С берега в воду свалился солдатик без фуражки, без винтовки, взбил фонтан брызг, зачерпнул обеими руками воды, выхлебал пригоршню и проговорил жалобно:
— Винтовку у меня вышибло из рук пулей... — солдатик был похож на небольшого сморщенного ёжика. — Там такое творится, такое...
Солдатик махнул рукой и, зачерпнув голенищами воды, хлюпая сапогами, полез назад на берег. При каждом малом движении из голенищ у него с поросячьим чавканьем выплёскивались тёмные радужные брызги, струйками ныряли в землю. Через полминуты солдатик исчез.
На берегу громыхнуло несколько гранат, чёрные плоские взрывы метнулись в воздух.
— Иван Иванович, занесите в журнал время начала боевых действий. — Лейтенант призывно щёлкнул кнопками перчаток и глянул на Рунге.

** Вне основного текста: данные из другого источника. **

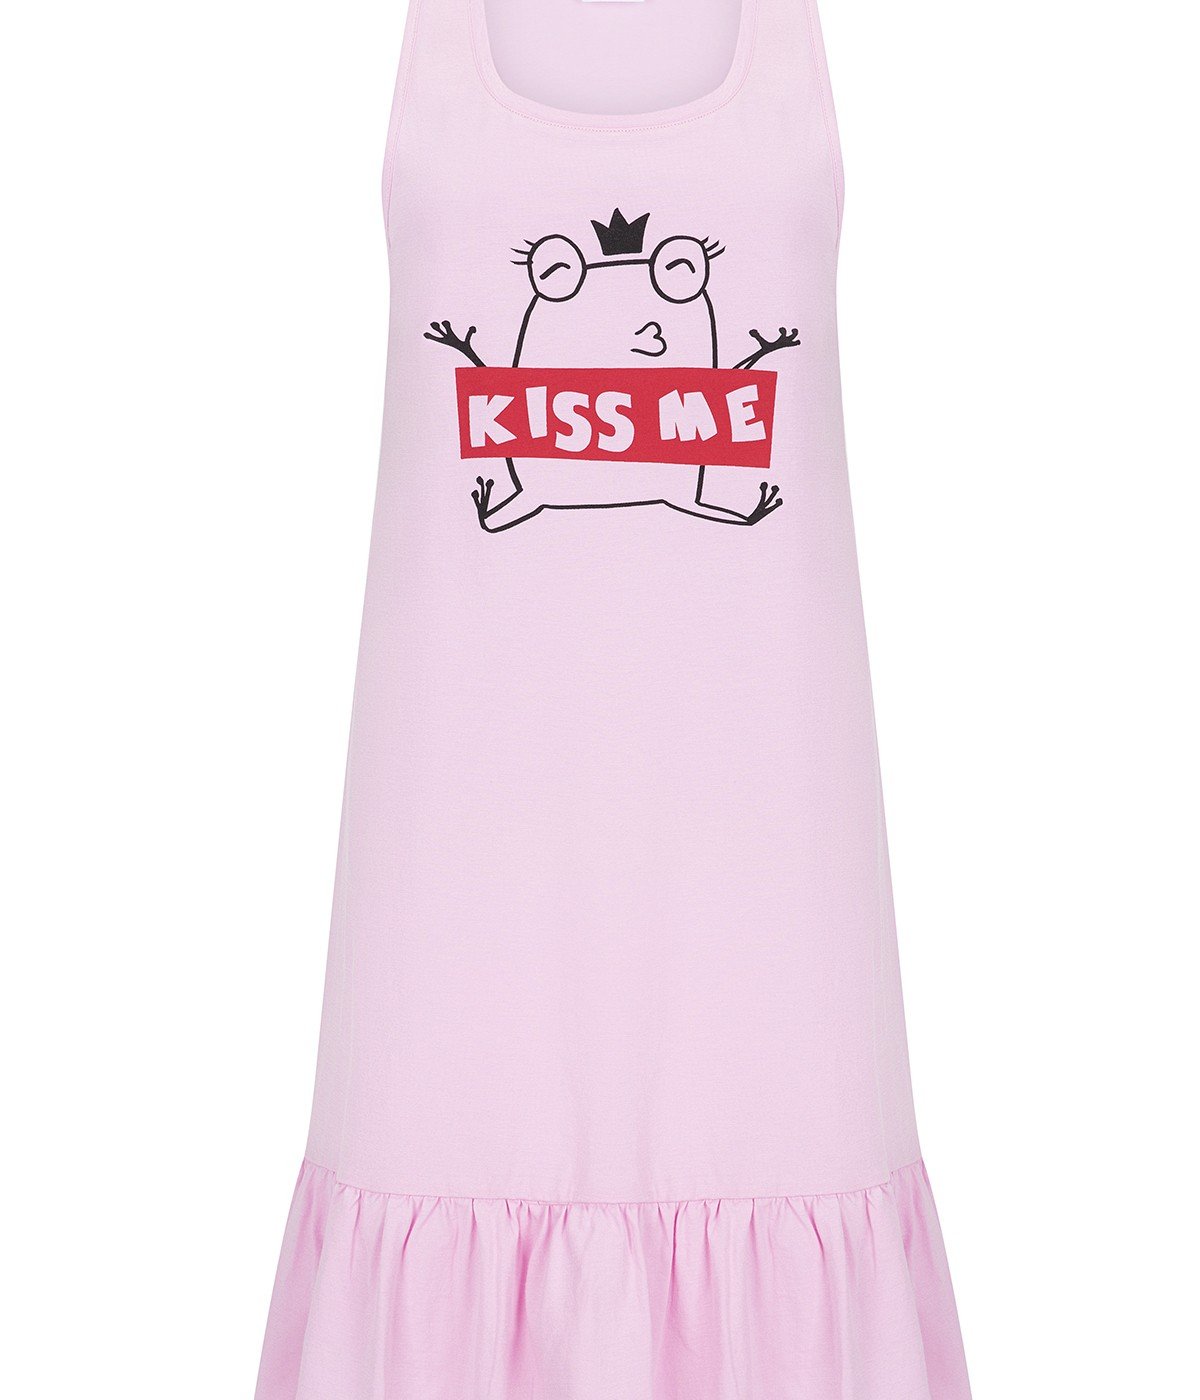 Kiss Me Dress

— Уже занёс, — ответил тот.
— Хорошо. — Лейтенант выглянул из рубки. — Носовое орудие, прекратить стрельбу!
Орудие замолчало.
Лейтенант поднёс к глазам бинокль.
Самым партизанским уездом в Северной области был Шенкурский. Жители этого уезда испокон веков были охотниками и рыбаками, брали добычи столько, сколько могли взять, начальство, какое бы оно ни было, особо не признавали, больше симпатизировали разбойникам, сбегавшим с северных каторг, как гимназисты сбегают с занятий перед Рождеством, — с завидным проворством и регулярностью. Но и разбойники жителям тоже не были указом — могли свернуть голову самому лютому из них, и когда на Севере появились белые, красные, англичане, чехословаки, французы, голландцы, финны, всплыли даже наглые, горластые американцы, шенкурцы отнеслись одинаково плохо и к одним, и к другим, и к третьим.
— Вы сами по себе, а мы сами по себе, — говорили они, — нам не по дороге.

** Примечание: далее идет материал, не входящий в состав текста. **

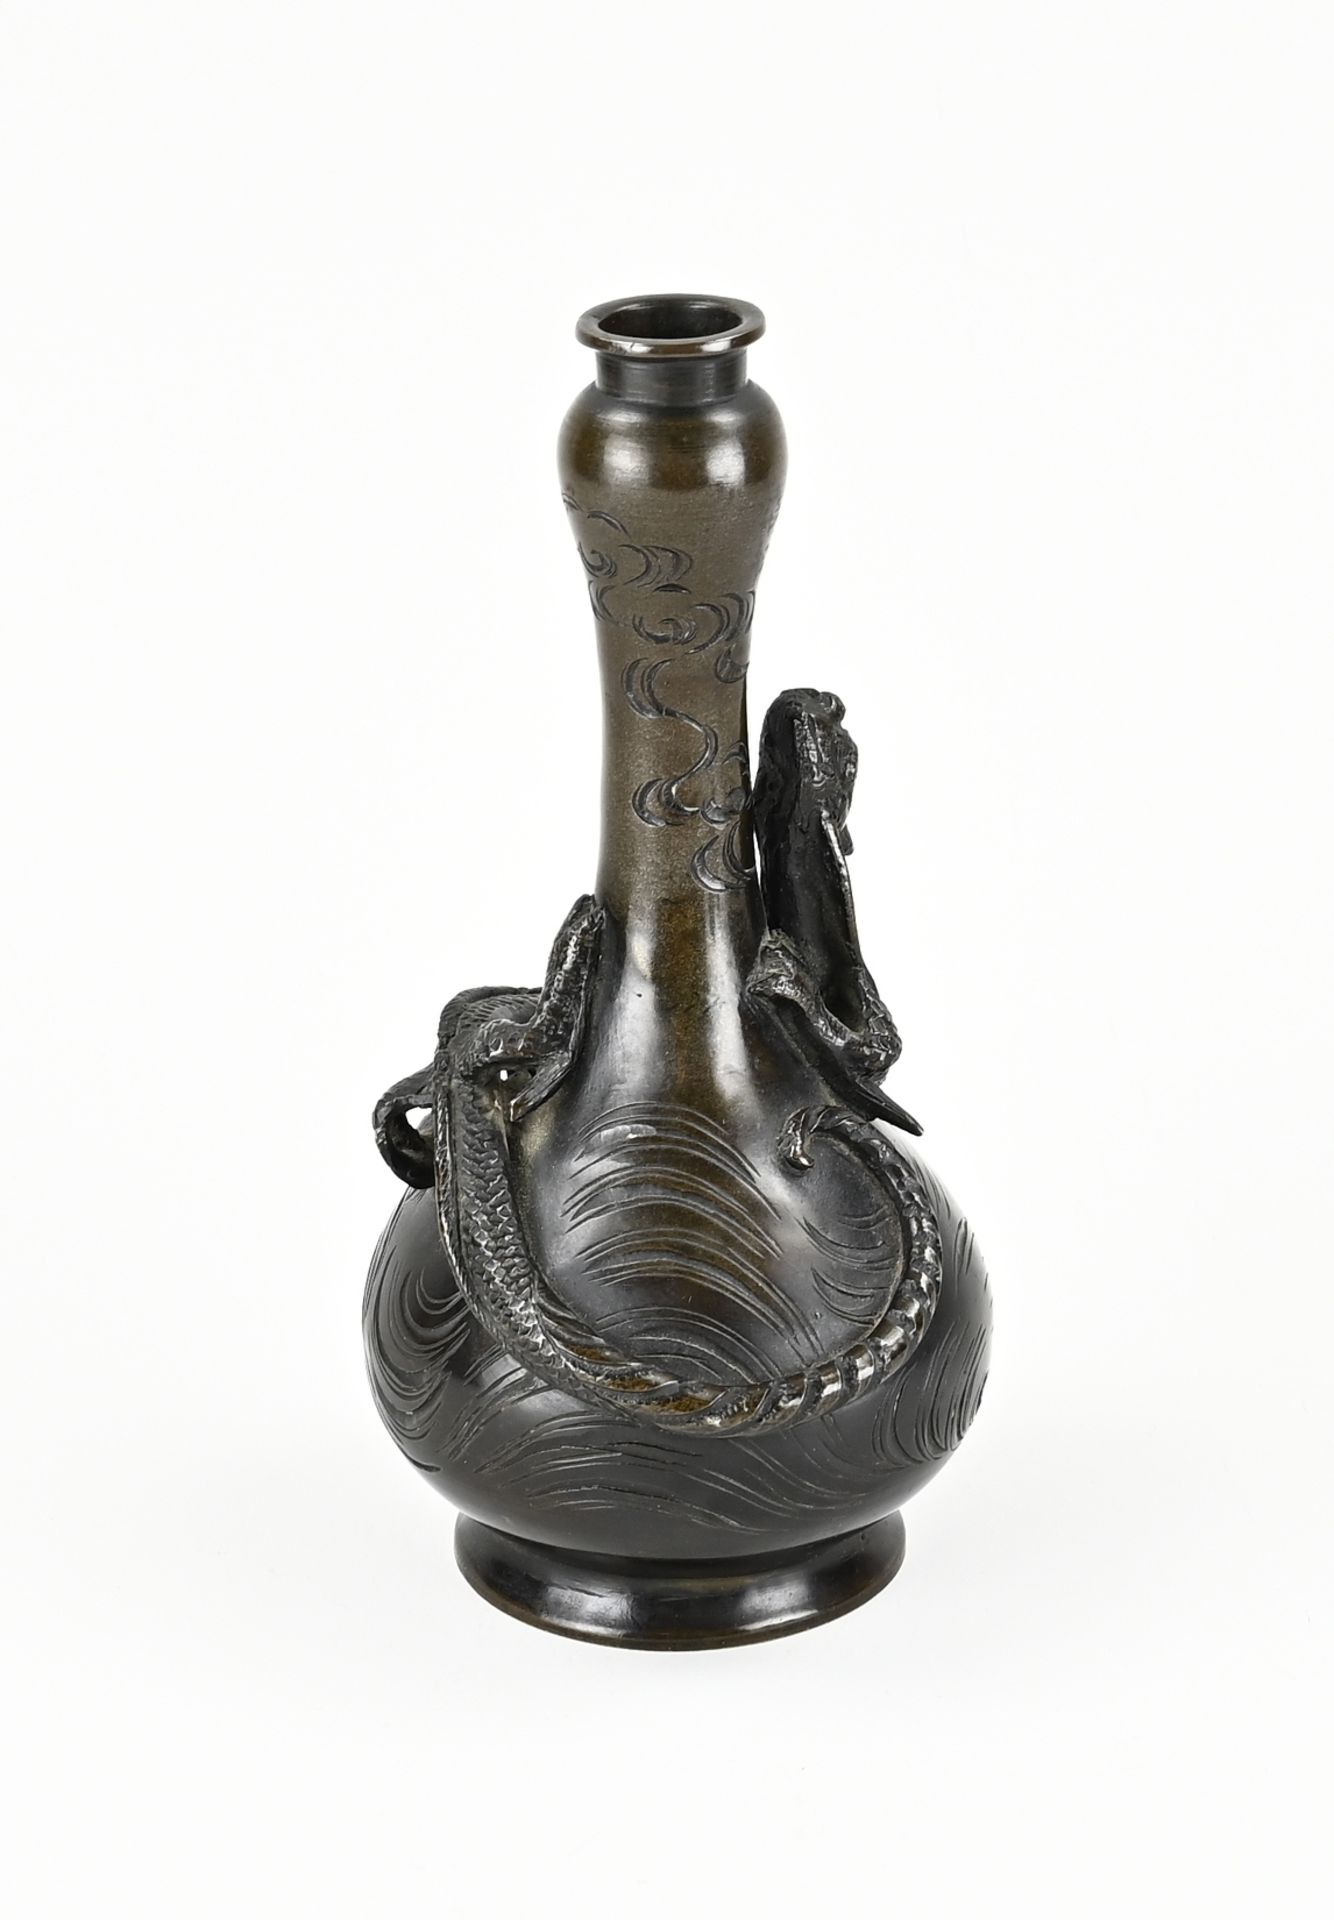 Japanese/Chinese bronze vase, H 20.5 cm. - Image 3 of 3

Удержать нейтралитет не удалось. Как только на северных реках появились английские мониторы, жители Шенкурского уезда взялись за винтовки. Этих лихих людей стали звать партизанами, ещё — шенкурятами. Следом за оружие схватились так называемые тарасовцы. И пошло, и поехало, и понеслось... Не остановить.

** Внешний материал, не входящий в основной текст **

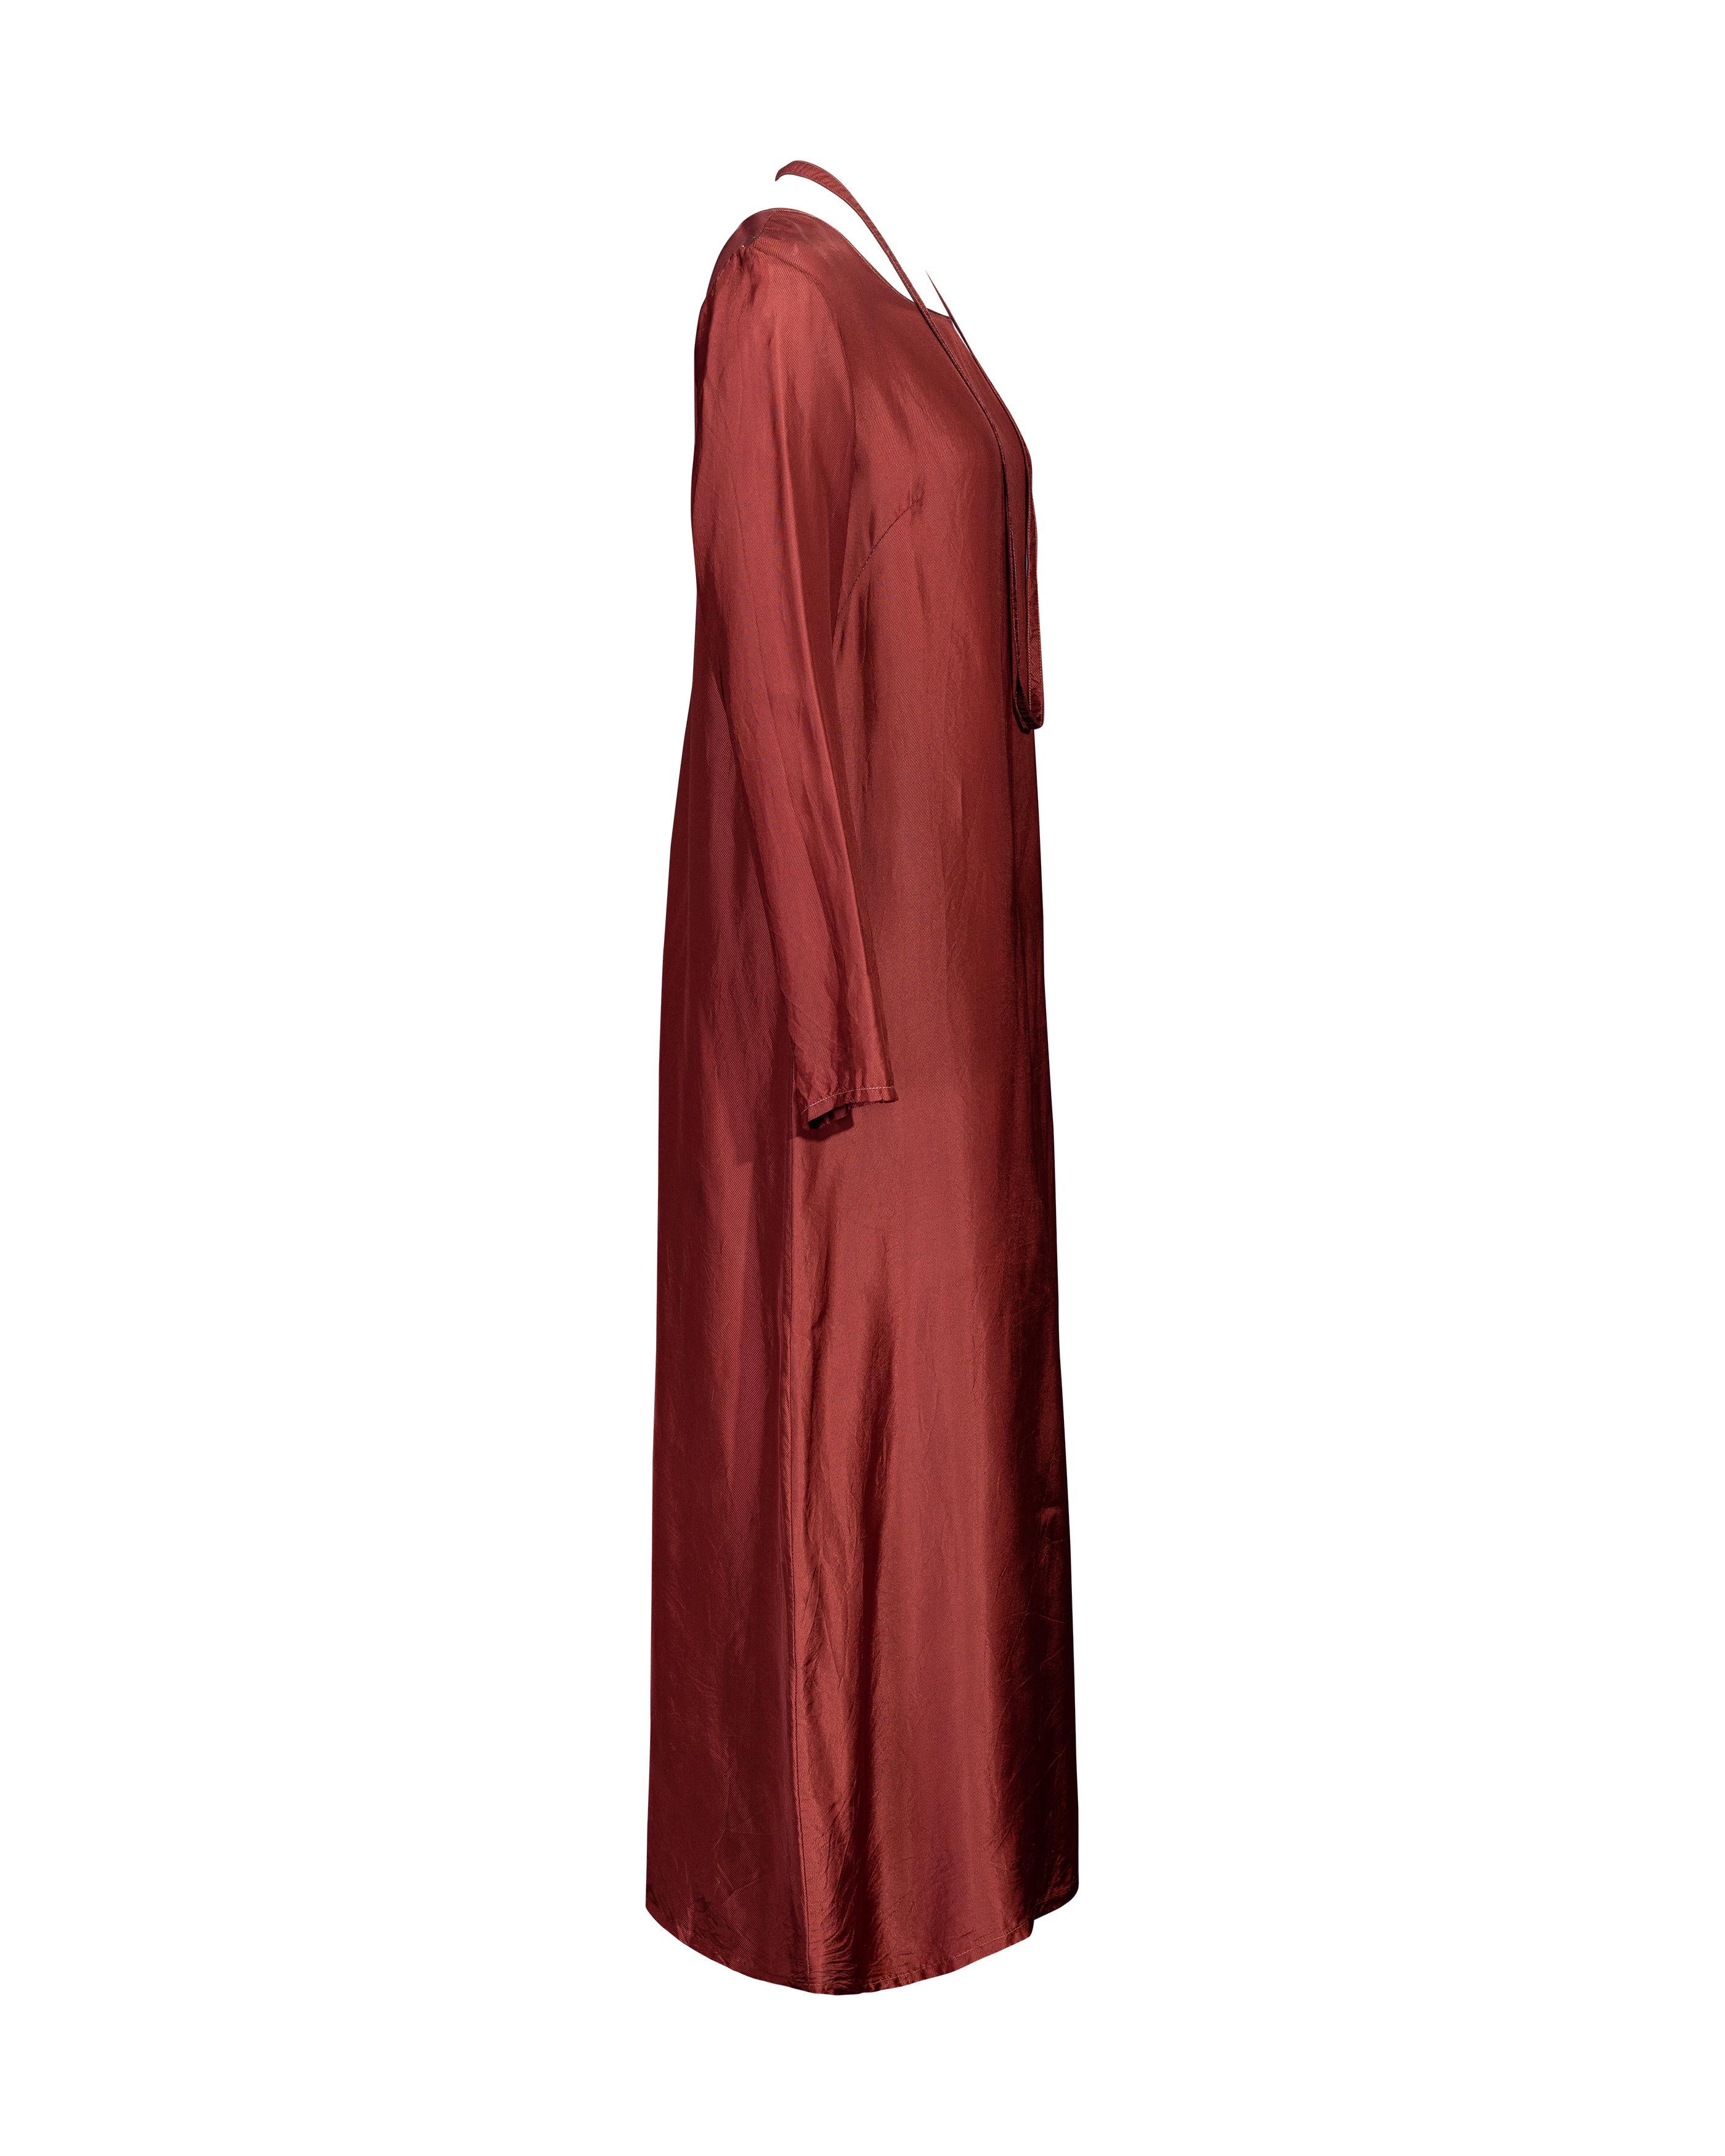 Women's A/W 1999 Maison Martin Margiela Deep Rust Color-way 'Lining' Long Sleeve Dress For Sale

Если из тарасовцев состоял один из лучших полков миллеровской армии — Седьмой — и эти люди дрались только на стороне Миллера, то с шенкурятами дело обстояло сложнее. Во-первых, часть их оказалась на стороне белых, другая часть, меньшая — красных, во-вторых, они били всех, кто появлялся на их земле, — всех, с кем были в чём-то несогласны, расходились во мнениях.
Поэтому, кто знает, может, отряд капитана Слепцова сцепился именно с шенкурятами — красного, естественно, цвета. А может, и нет — это дано узнать, только взяв кого-нибудь из них в плен.
Цепь, ведомая Слепцовым, достигла домов, обошла их с обеих сторон и углубилась в тайгу.
Связи со Слепцовым не было никакой, и это раздражало лейтенанта.
— Я не привык так воевать, — пожаловался он Рунге.
— Я тоже, — ответил тот.
Над водой носились крупные тяжёлые птицы, вспарывали крыльями воздух, вызывали ощущение некой нереальности, словно они прибыли из другого мира. Это были чайки, которым надлежало жить на море и морские просторы не покидать, но они начали осваивать реки, забираться в глубь материка, будто и не чайки это были, а птицы менее романтичные — беспардонные наглые вороны.